Exercise requirements: Your output must be the lines below from the line containing "Gesünder im Büro" to the line containing "Dailystorm - Не", both lines included, reproduced exactly and without pictures.

Material provided:
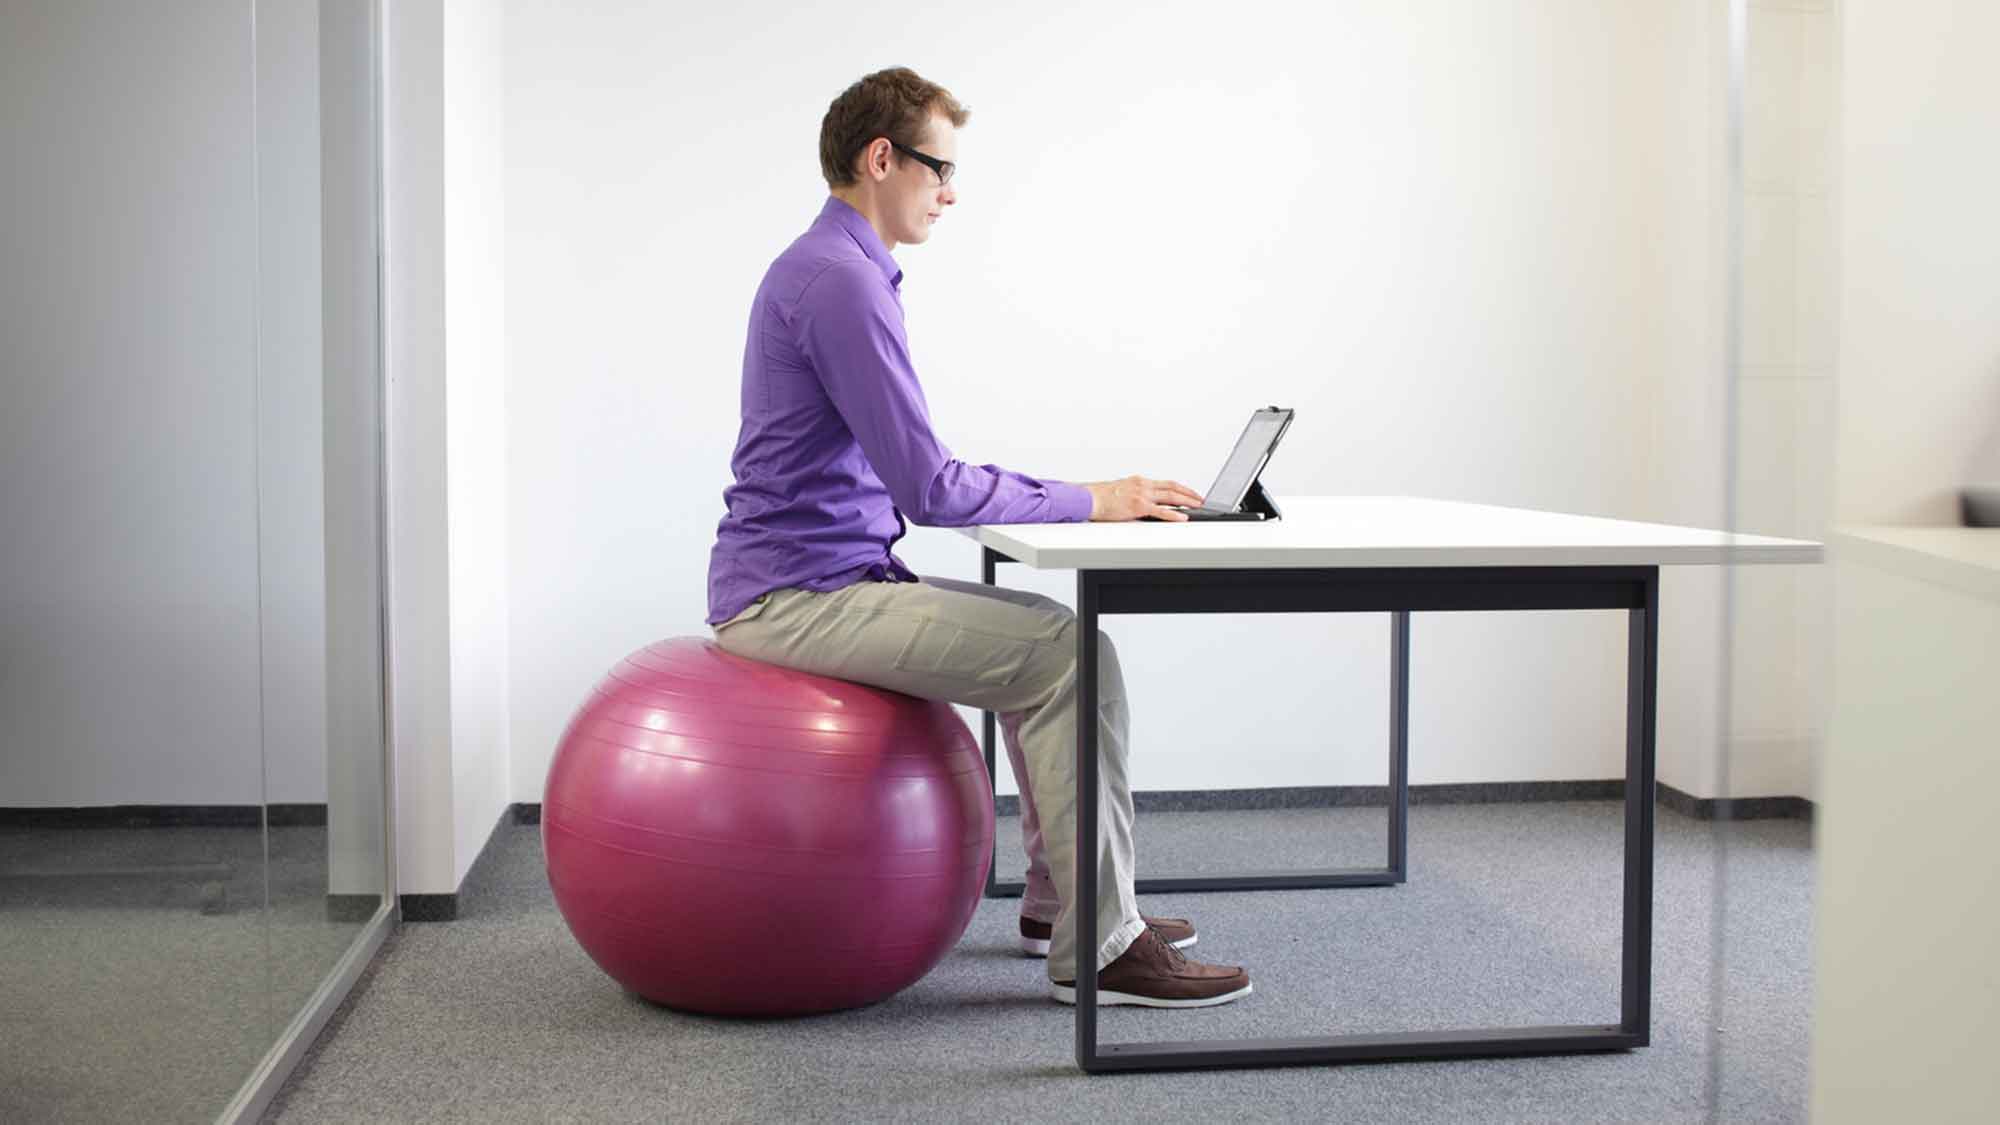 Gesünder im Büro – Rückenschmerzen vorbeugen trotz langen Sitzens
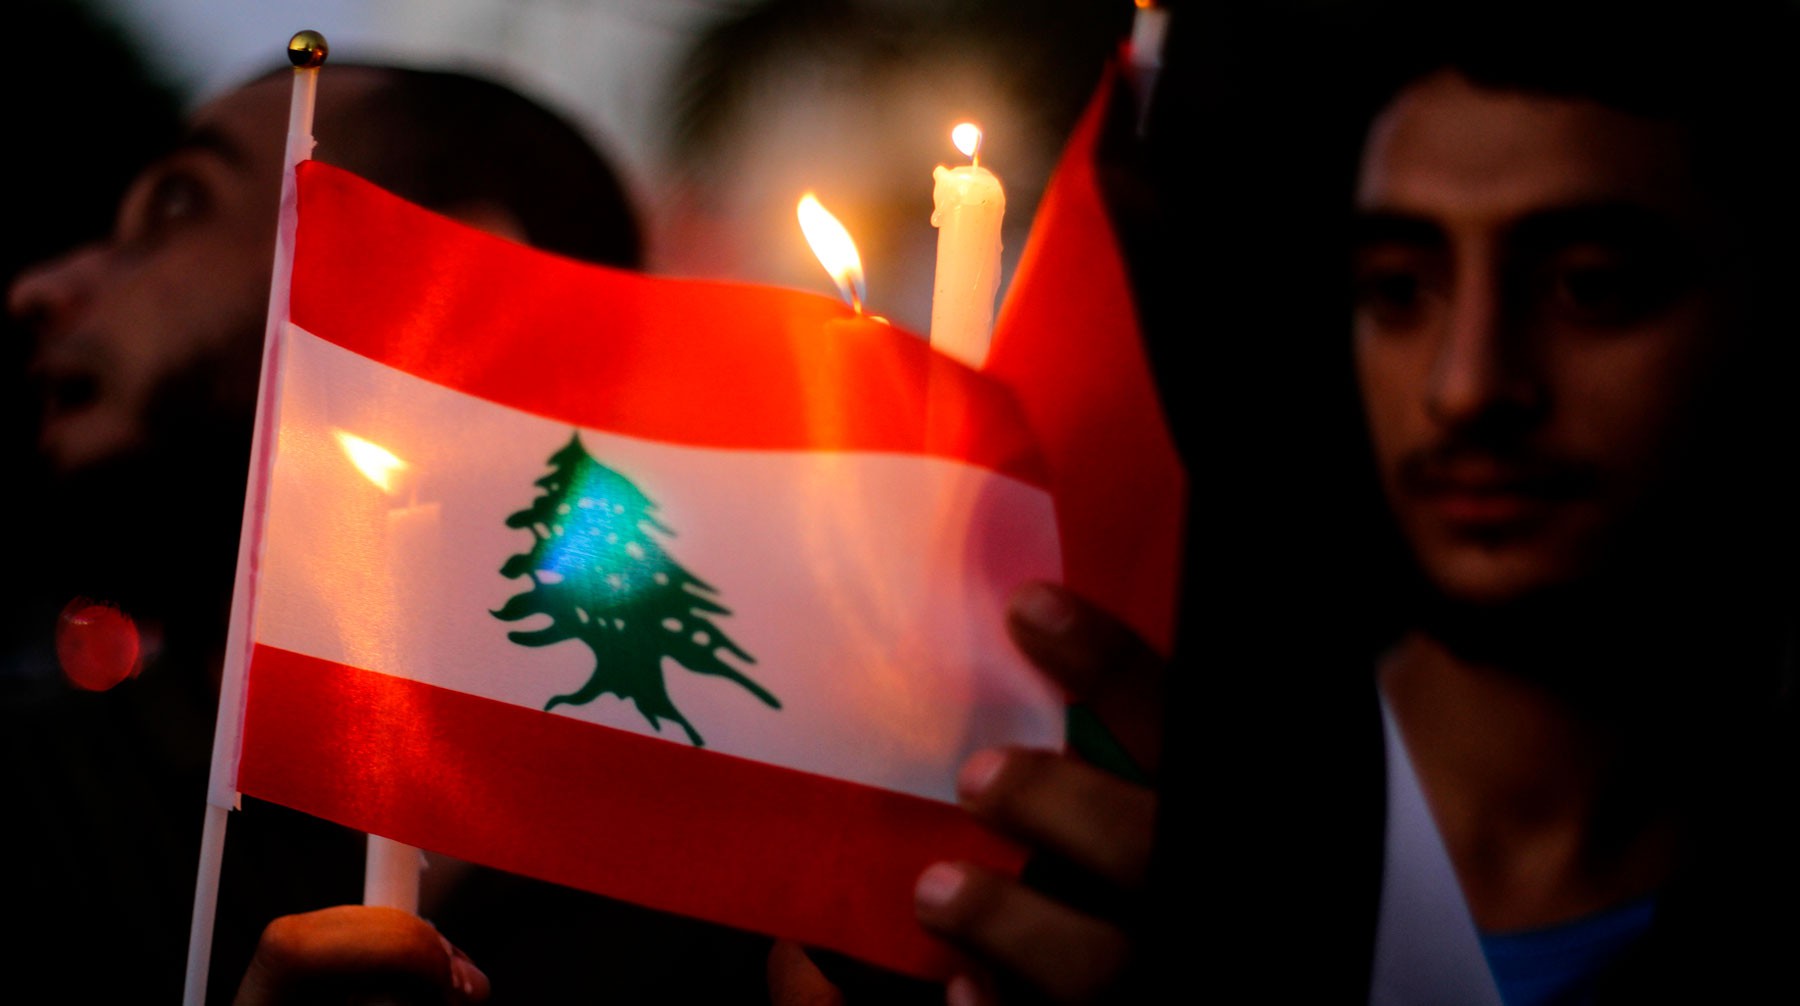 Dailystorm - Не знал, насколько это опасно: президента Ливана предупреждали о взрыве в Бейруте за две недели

==

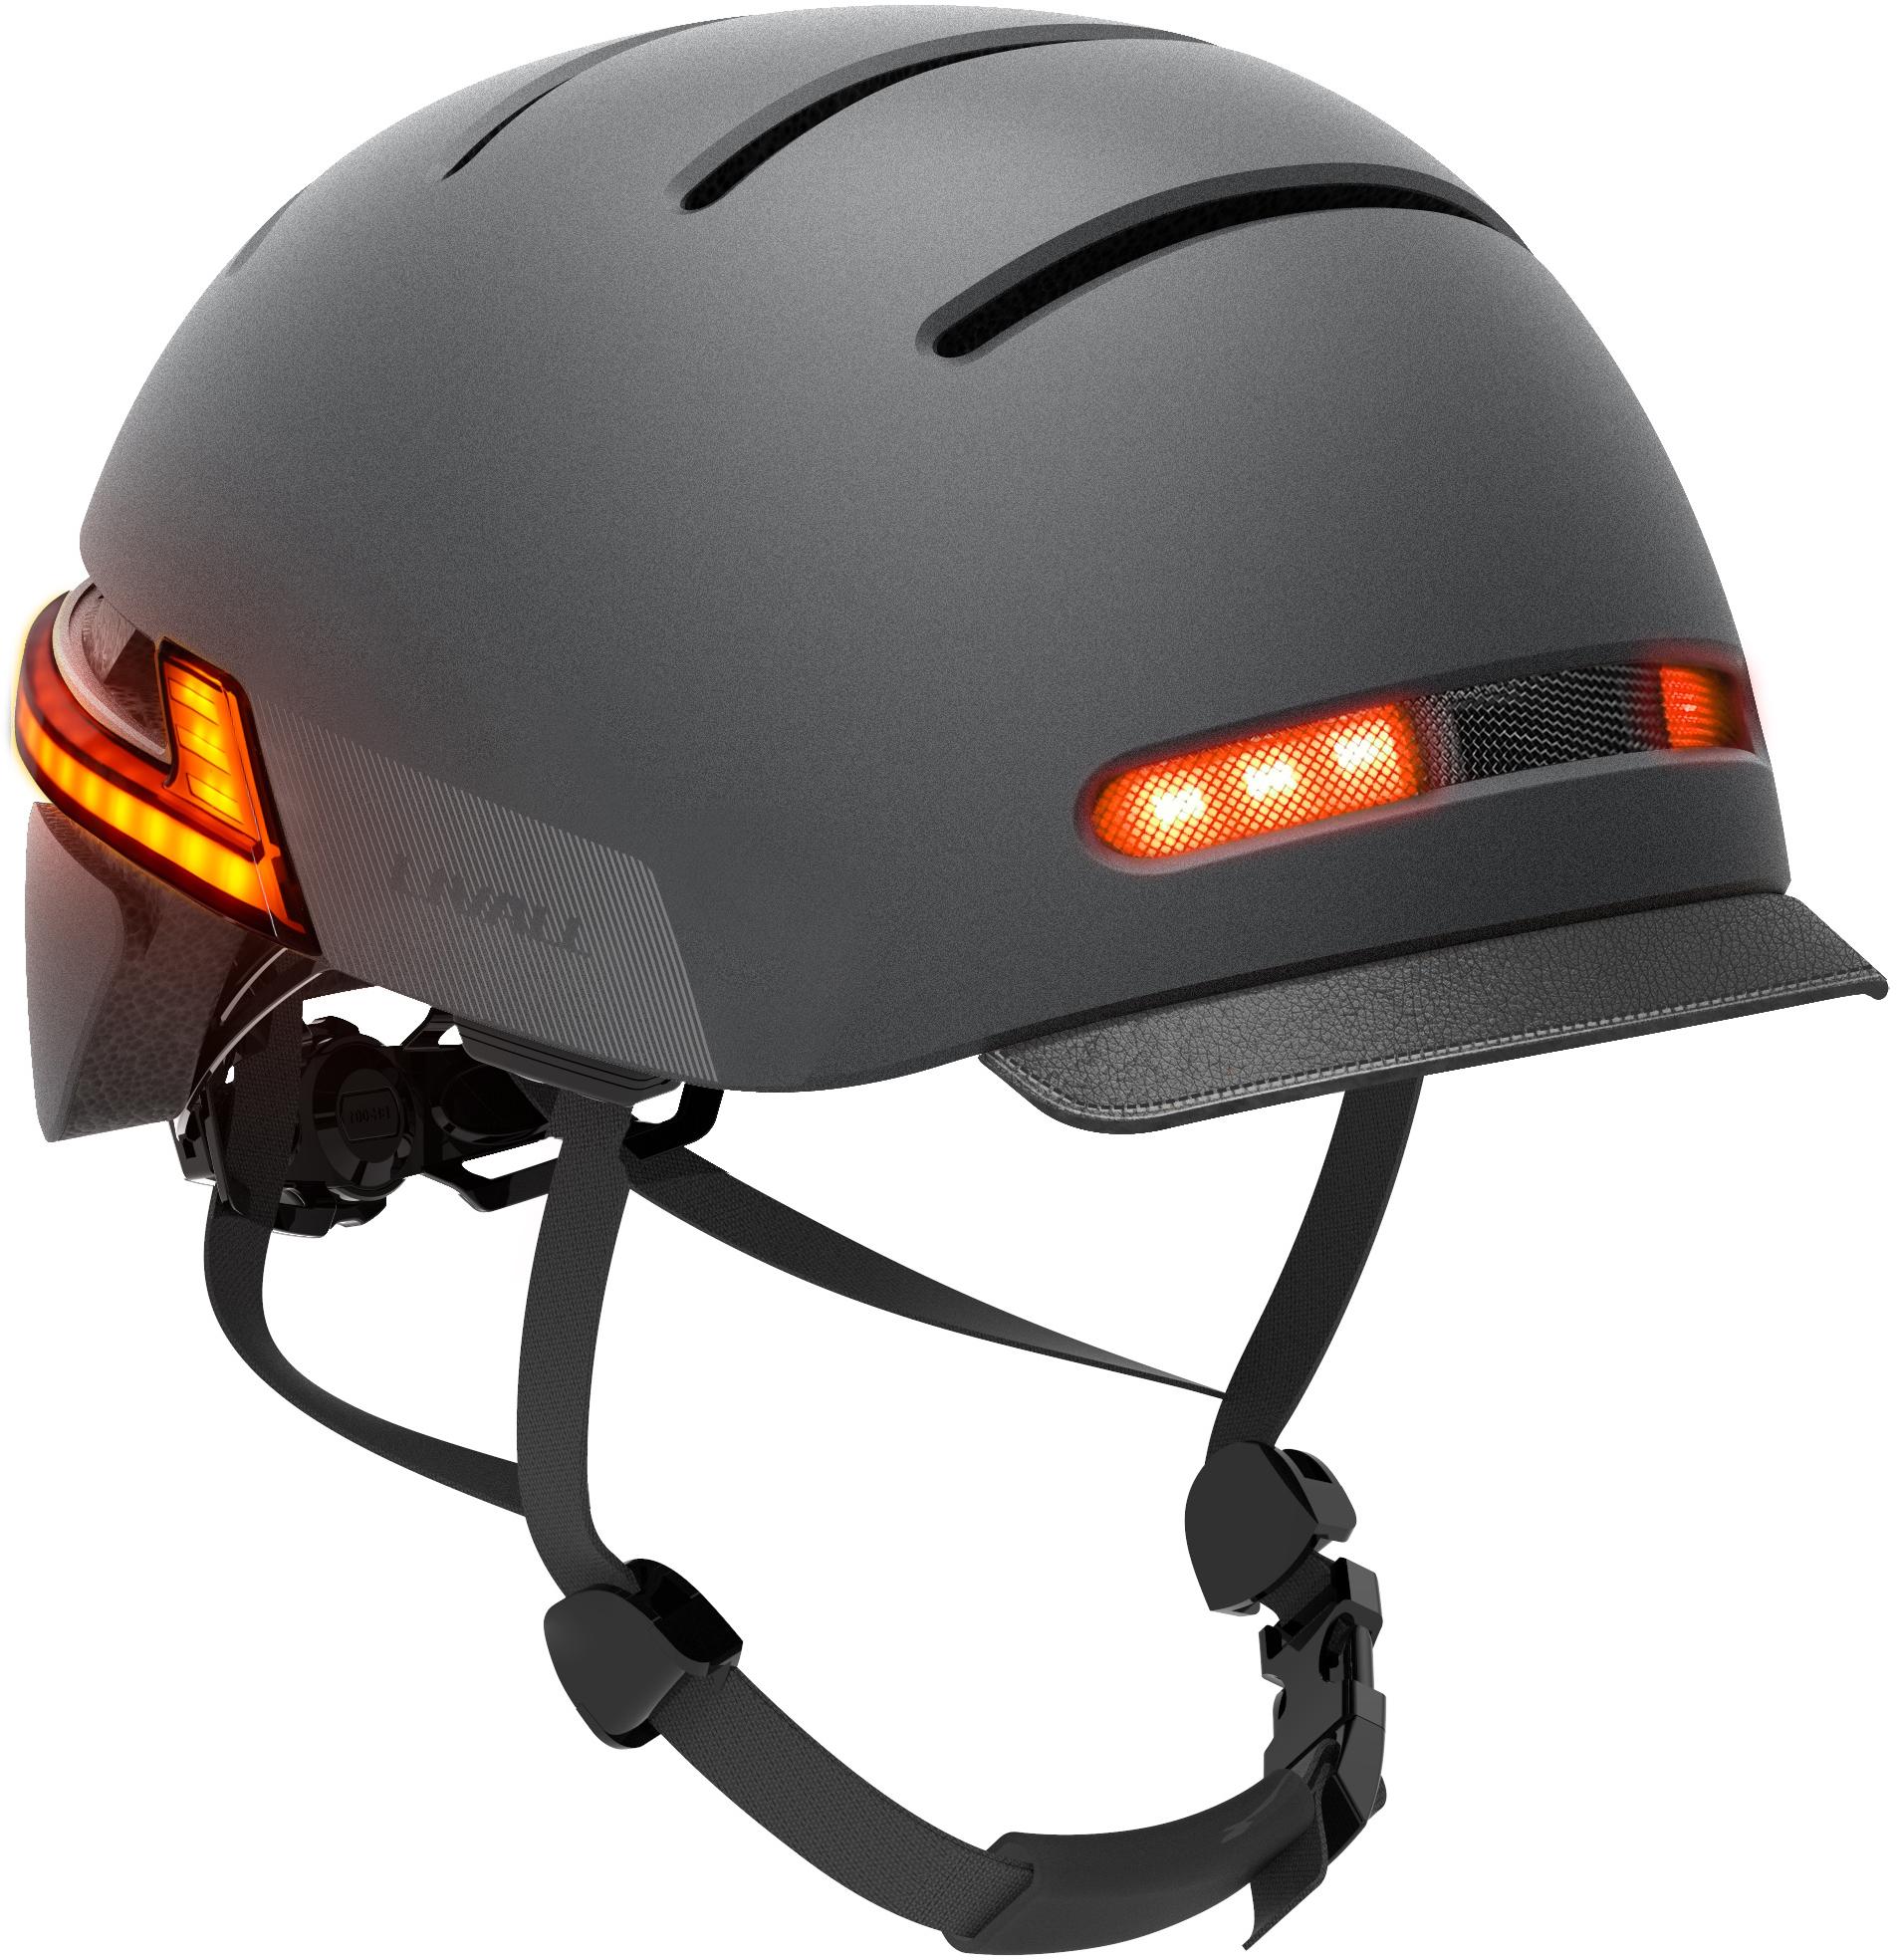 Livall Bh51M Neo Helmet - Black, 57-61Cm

...

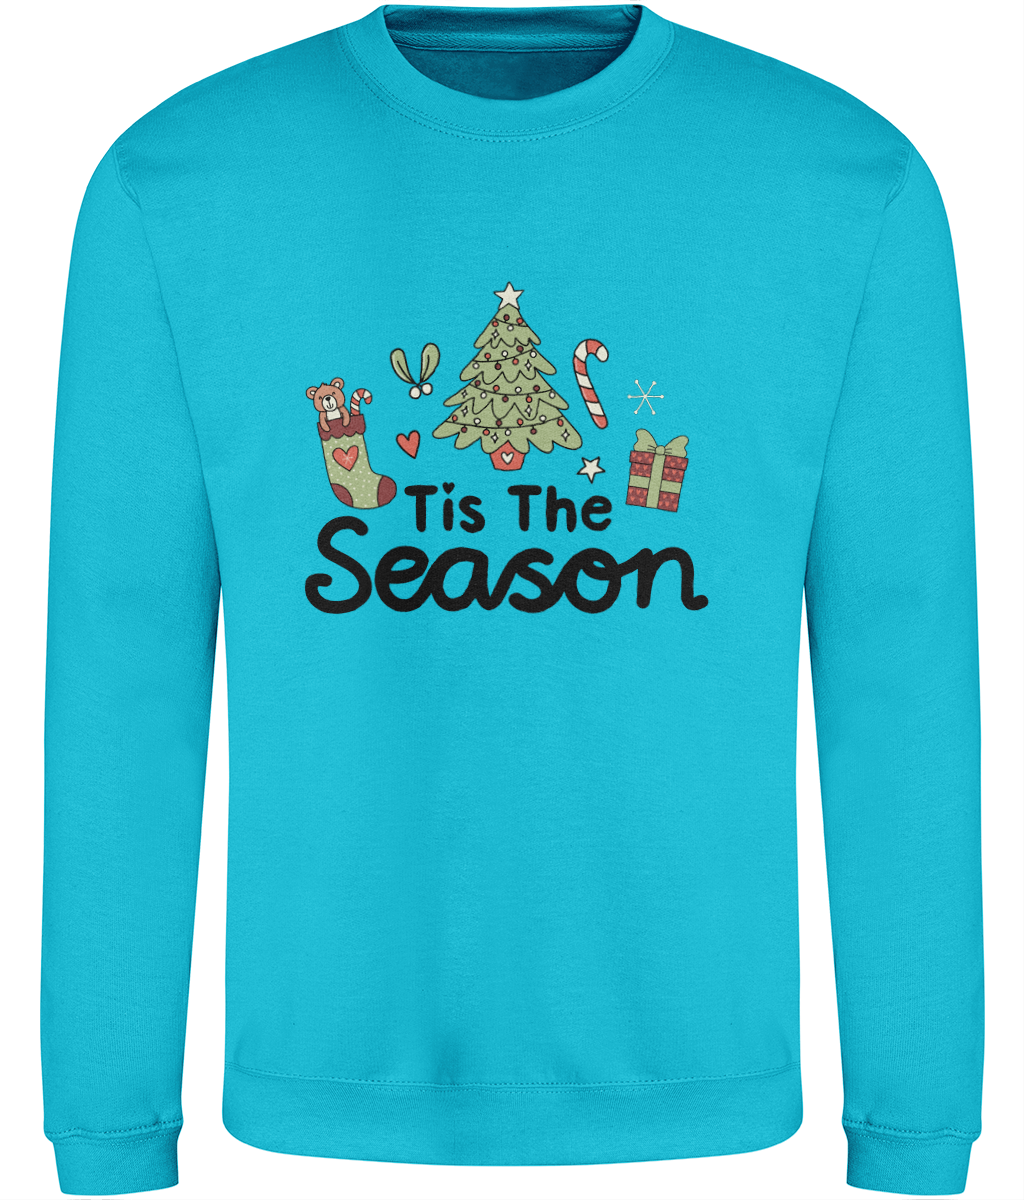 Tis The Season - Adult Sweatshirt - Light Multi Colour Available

Result below:
 Gesünder im Büro – Rückenschmerzen vorbeugen trotz langen Sitzens
 Dailystorm - Не знал, насколько это опасно: президента Ливана предупреждали о взрыве в Бейруте за две недели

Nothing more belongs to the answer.